Salah satu sasaran tercapainya penggunaan obat yang rasional adalah diperolehnya informasi tentang obat yang berkualitas dan memadai bagi pasien, sehingga pasien dapat memutuskan tindakan apa yang terbaik bagi dirinya. Saat ini pasien menyadari bahwa mereka mempunyai hak untuk mengambil keputusan atas kesehatan dirinya sehingga diperlukan informasi yang tepat diberikan kepada pasien dalam mengambil keputusan (Setiadji, 1996).

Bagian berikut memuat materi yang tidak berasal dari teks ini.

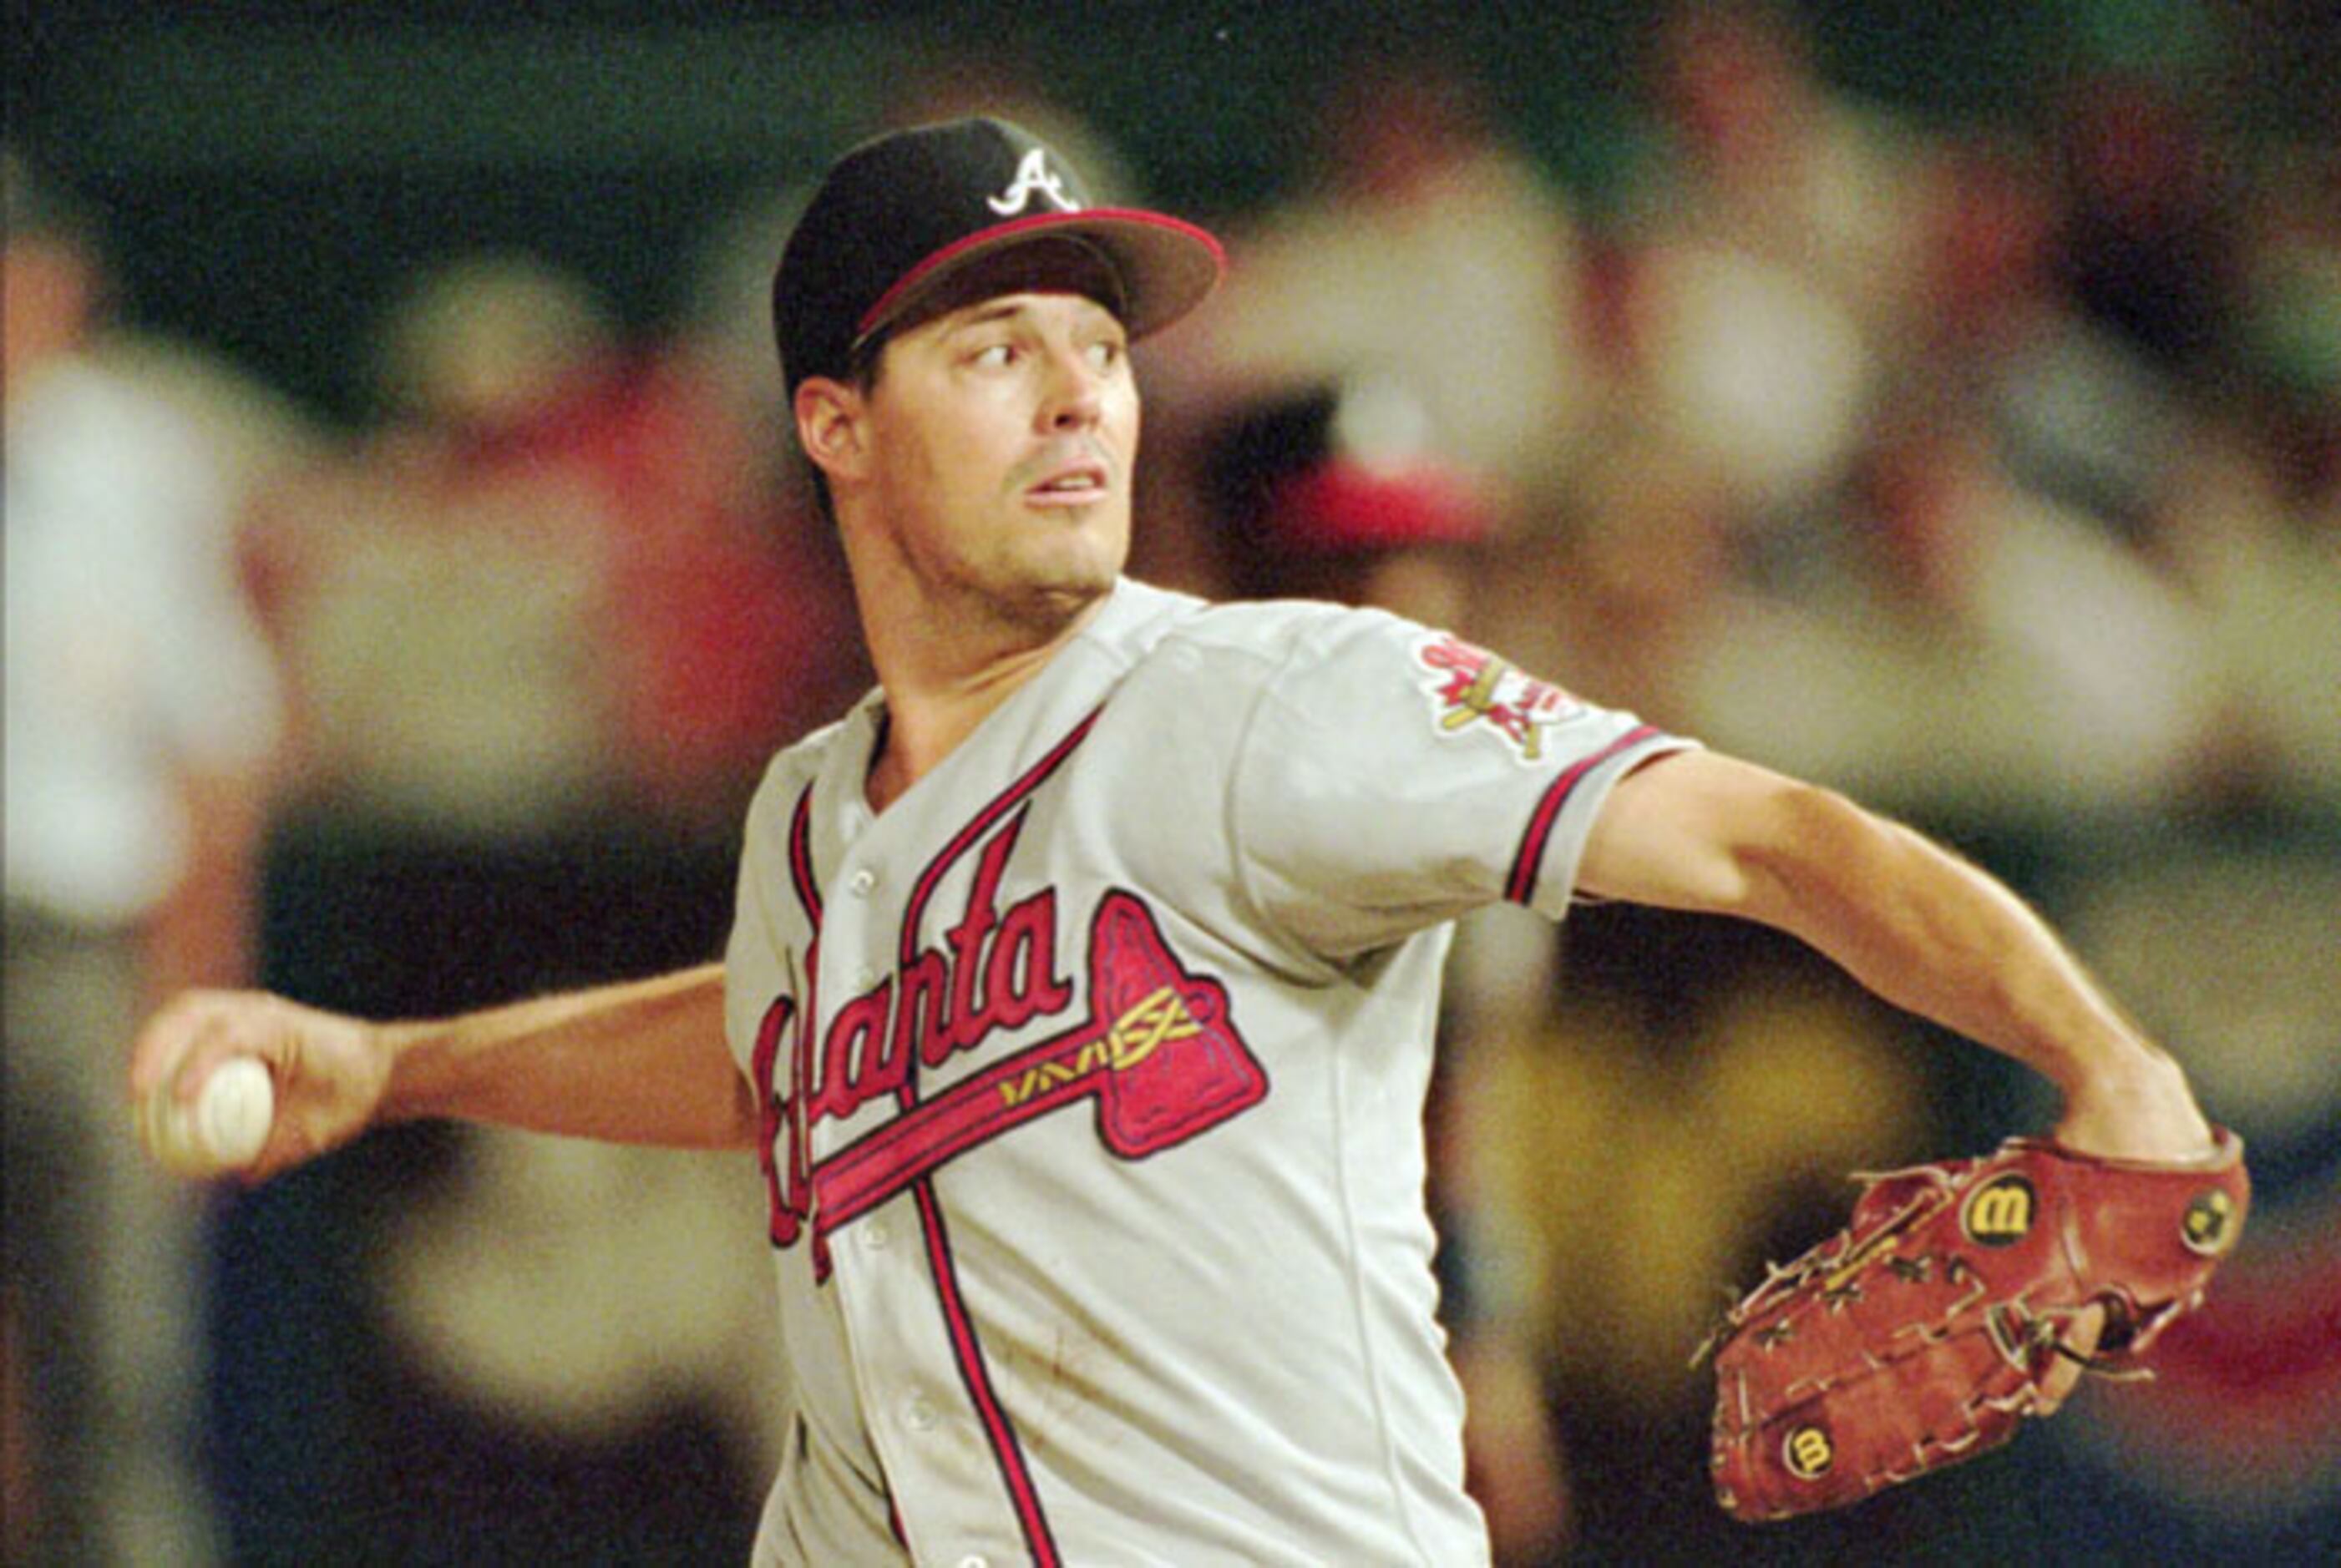 Rangers expected to add ex-star pitcher Greg Maddux to front office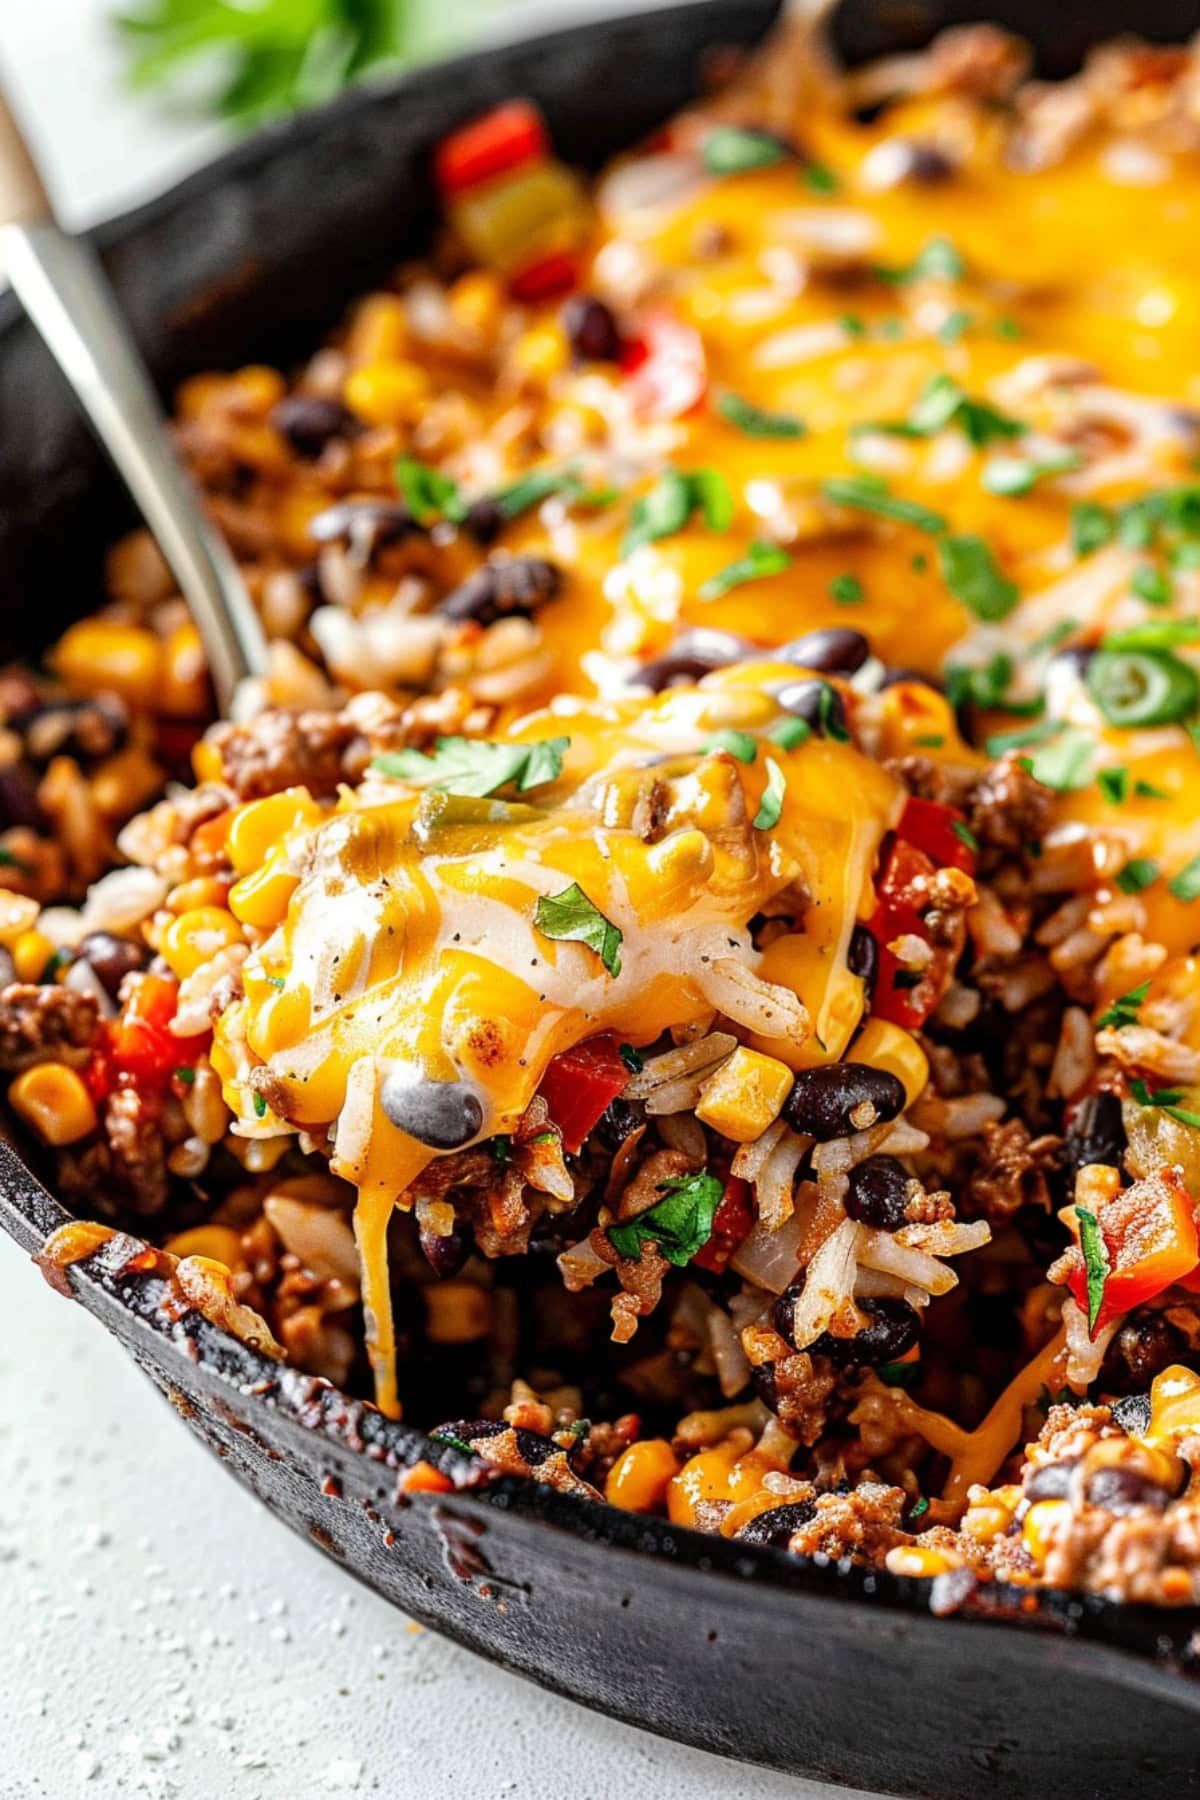 Taco made with ground beef with diced red bell pepper, diced red onion, corn kernels, cooked rice, black beans, salsa topped with melted cheese on a cast iron skillet pan

Pada kenyataannya, kebanyakan masyarakat mendapatkan informasi tentang penggunaan obat bebas hanya dari keluarga, pelayan toko atau warung maupun dari iklan. Selain itu, masyarakat biasanya cenderung melakukan percobaan terhadap obat yang belum pernah dipakainya. Ditambah lagi banyak pasien yang tidak menghargai atau merasa tidak perlu mendapatkan bantuan dokter atau apoteker dalam memilih obat tanpa resep (Schwartz dan Isetts, 2000). Hal tersebut diatas menyebabkan terjadinya penggunasalahan obat yang berdampak negatif bagi pasien (Donatus, 1997).

Apoteker adalah profesi yang berada di garis depan dalam sistem pelayanan kesehatan yang diwajibkan untuk membantu pasien dalam memilih alternatif yang dibutuhkan untuk mengatasi kondisinya (Anonim, 1990). Apoteker dapat menyarankan salah satu dari tiga alternatif pilihan berikut ini kepada pasien untuk mengatasi penyakitnya berdasarkan kondisi pasien pada saat itu:

1. memberikan saran non-farmakoterapi pada pasien jika memang dinilai tidak membutuhkan obat.

2. menyarankan swamedikasi kepada pasien dengan penyakit ringan yang membutuhkan obat.

3. merujuk pasien pada profesional kesehatan lain seperti dokter atau petugas laboratorium jika memang pasien membutuhkannya (Schwartz dan Isetts, 2000).

Institusi penting dalam pelayanan pengaturan obat kepada masyarakat adalah apotek. Apotek merupakan tempat dilakukannya pekerjaan kefarmasian dan penyaluran sediaan farmasi serta perbekalan kesehatan lainnya kepada masyarakat. Pekerjaan kefarmasian adalah pembuatan termasuk pengendalian mutu sediaan farmasi, pengamanan, pengadaan, penyimpanan dan penyaluran obat, pelayanan atas resep dokter, pelayanan informasi obat dan pengembangan obat (Widodo, 2004).

Apotek memberikan pelayanan khusus bagi konsumen, antara lain kesempatan berkonsultasi dengan apoteker untuk mendapatkan informasi perlu tidaknya seseorang memeriksakan penyakitnya ke dokter atau cukup hanya dengan menggunakan obat tanpa resep, obat wajib apotek atau bahkan tanpa obat.

22

Pelayanan informasi obat yang dibutuhkan oleh konsumen antara lain mengenai indikasi, kontraindikasi, efek samping, dosis dan aturan pakai, peringatan penggunaan obat, harga obat serta informasi mengenai pilihan obat yang tepat bagi konsumen. Apotek juga memberikan kesempatan kepada konsumen untuk berkonsultasi apabila ada keluhan atau efek yang timbul setelah pengggunaan obat tertentu (Widodo, 2004).